On the national level Donovan called play-by-play for NBC Sports' NFL coverage from 1987 to 1997. He also handled swimming and soccer play-by-play in the 1992 and 1996 Summer Olympics for NBC, and World Cup Soccer in 1994. In 1999, when the Cleveland Browns returned to the NFL, Donovan was named as radio play-by-play voice of the team and served in that role until 2024. After WKYC acquired the local, over-the-air television rights to the Cleveland Indians, Donovan served as play-by-play announcer from 2006 to 2008.

===Signature calls===
"Run, William, Run!" – in reference to William Green's 64-yard touchdown run during the final Cleveland Browns vs. Atlanta Falcons game in 2002, allowing the Browns to make their first playoff appearance since returning to the league in 1999.
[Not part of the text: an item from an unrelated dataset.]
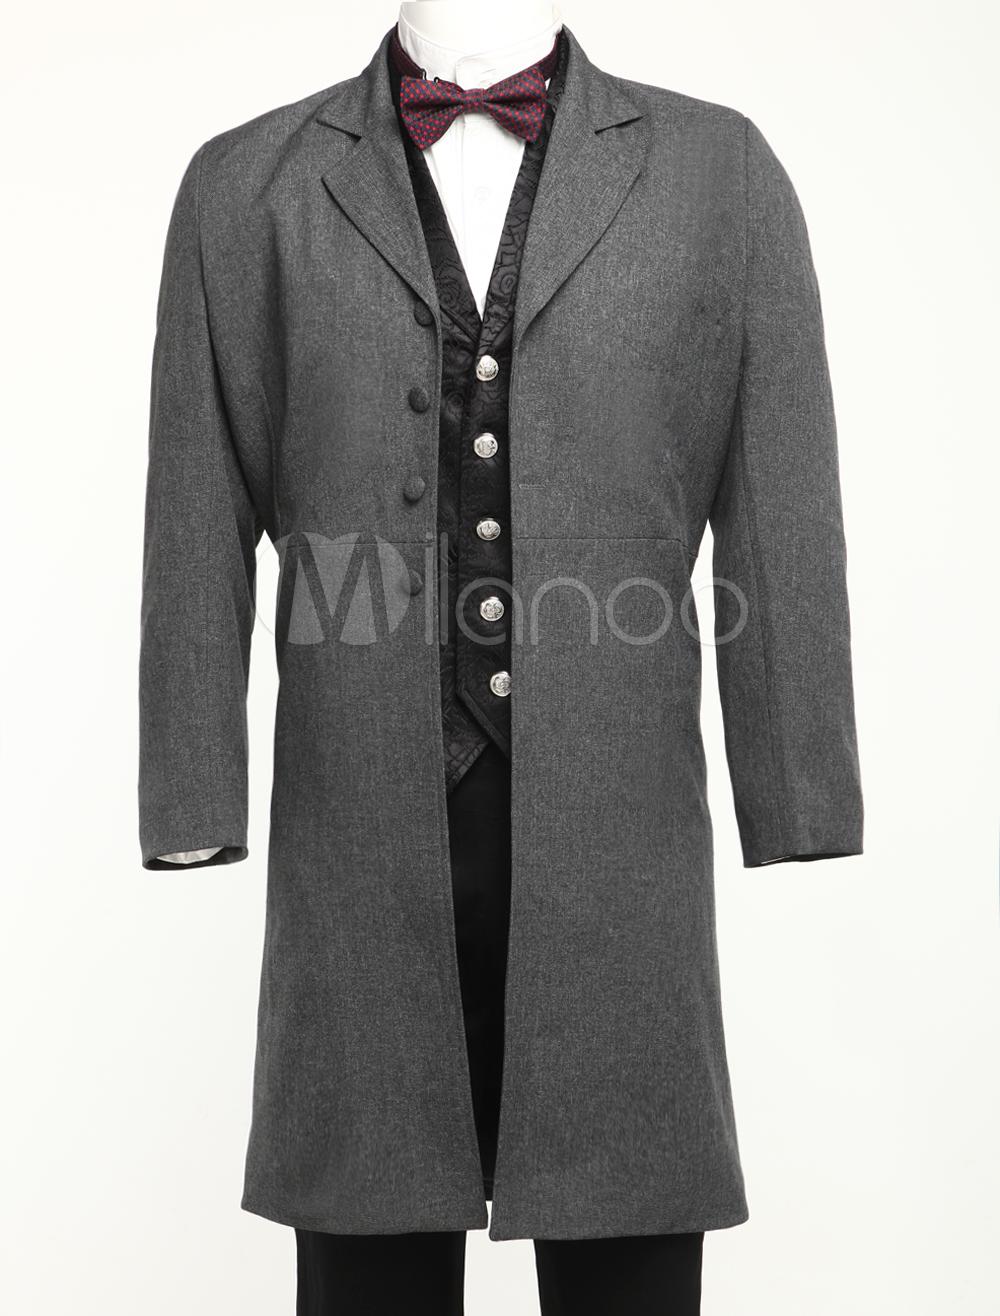 Buy Men's Vintage Costume Victorian Grey Coat Retro Overcoat Halloween for $90.99 in Milanoo store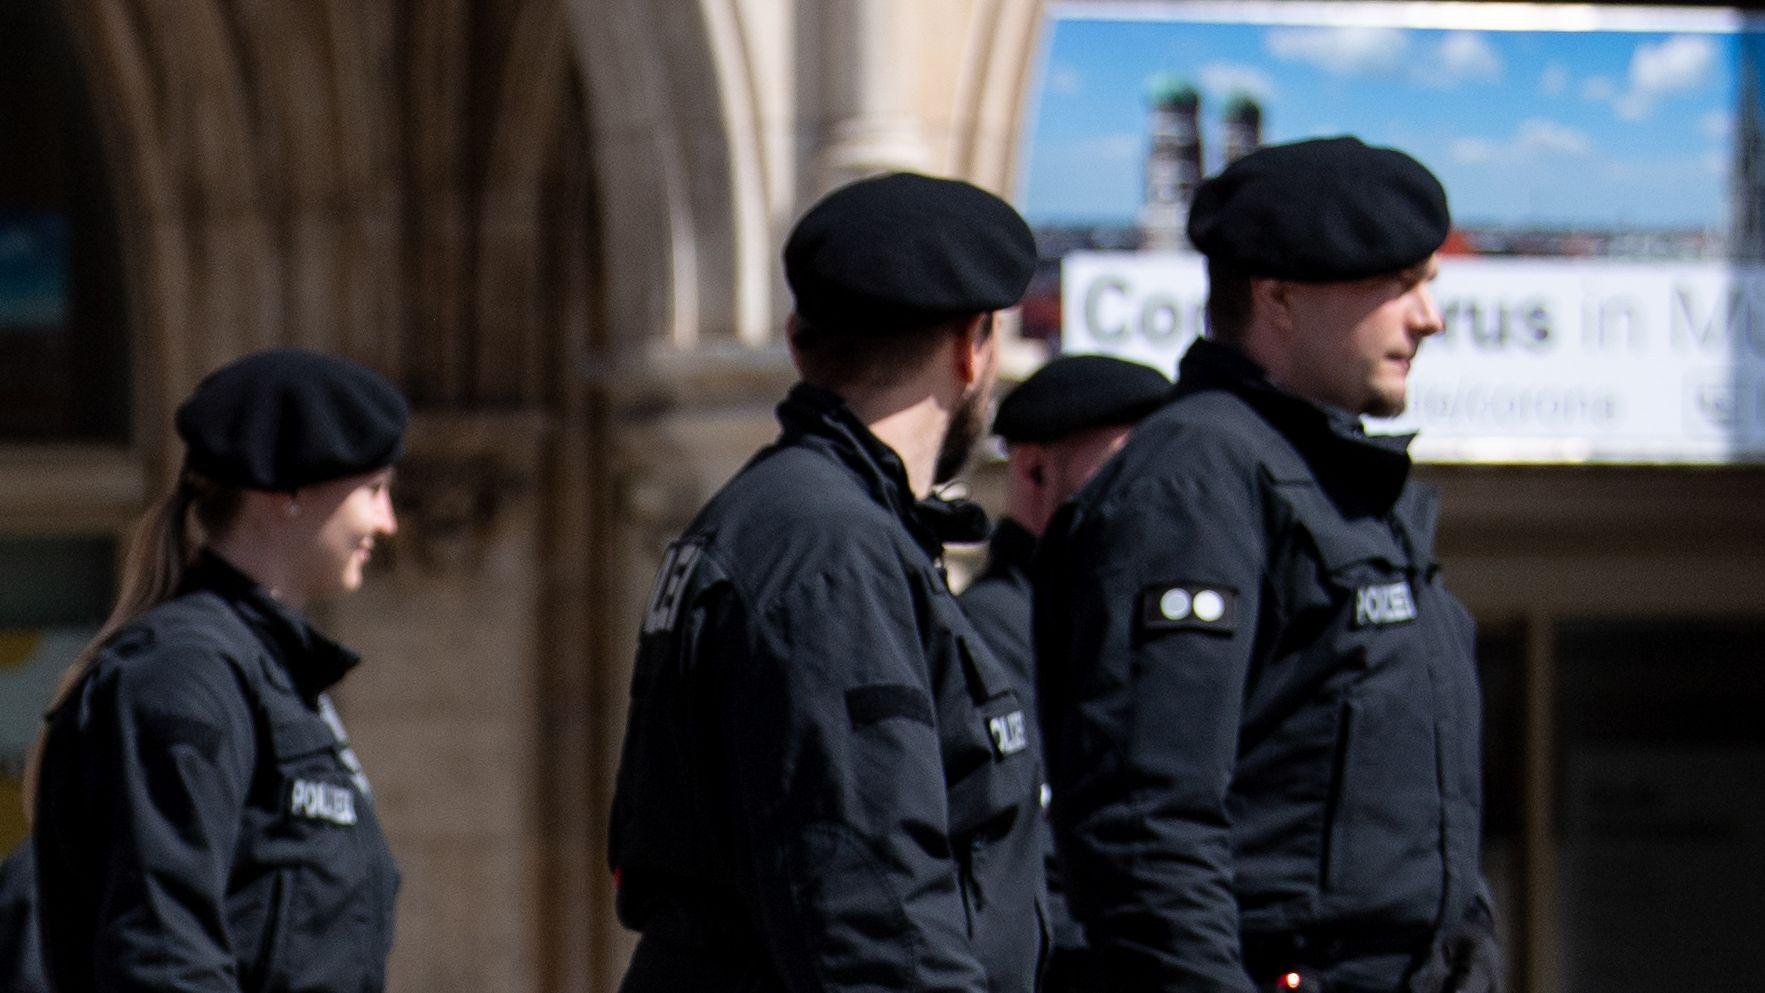 Polizisten in München im April bei einer Kundgebung

"Is this how it feels?" – when the Browns defeated the New York Jets in Week 3 of the 2018 season, their first victory in 635 days.

"Chubba Wubba Hubb!" – in reference to Nick Chubb's 92-yard touchdown run during an Atlanta Falcons vs Cleveland Browns game in 2018.

==Medical leave==
On May 25, 2011, during the 11 pm newscast, Donovan announced he had leukemia for the last ten years, and that he would be taking a leave of absence to undergo a (what would be a successful) bone marrow transplant. On September 11, 2011, Donovan returned to the Browns broadcasting booth in time for their opener against the Cincinnati Bengals. The next night, he returned to the sports anchor chair at WKYC, as well as his hosting duties on STO. Donovan met with his bone marrow donor on Thanksgiving night in 2013, when Dallas Gentry from Wise, Virginia, visited the Donovan family.

Donovan announced on May 31, 2023, that his leukemia had relapsed and would be once again undergoing treatment with chemotherapy. On September 10, following his broadcast of the opening game of the 2023 season for the Browns, Donovan announced he would step away from announcing Browns games to undergo leukemia treatment. On August 29, 2024, Donovan announced his retirement as the Browns lead radio announcer due to undergoing further cancer treatment.

==Personal life and death==
Donovan, his wife Cheryl, and daughter Meghan lived in Hinckley, Ohio. Donovan died from chronic lymphocytic leukemia in Cleveland, Ohio, on October 26, 2024, at the age of 68.

==Awards and honors==
- Three-time National Sports Media Association (then National Sportscasters and Sportswriters Association) Vermont Sportscaster of the Year (1982–1984).
- Three-time Lower Great Lakes Emmy Award winner.
- 1988 Cleveland Press Club All-Ohio Best Sportscaster.
- Cleveland Association of Broadcasters Hall of Fame inductee (class of 2005)
- Cleveland Press Club Journalism Hall of Fame inductee (class of 2009).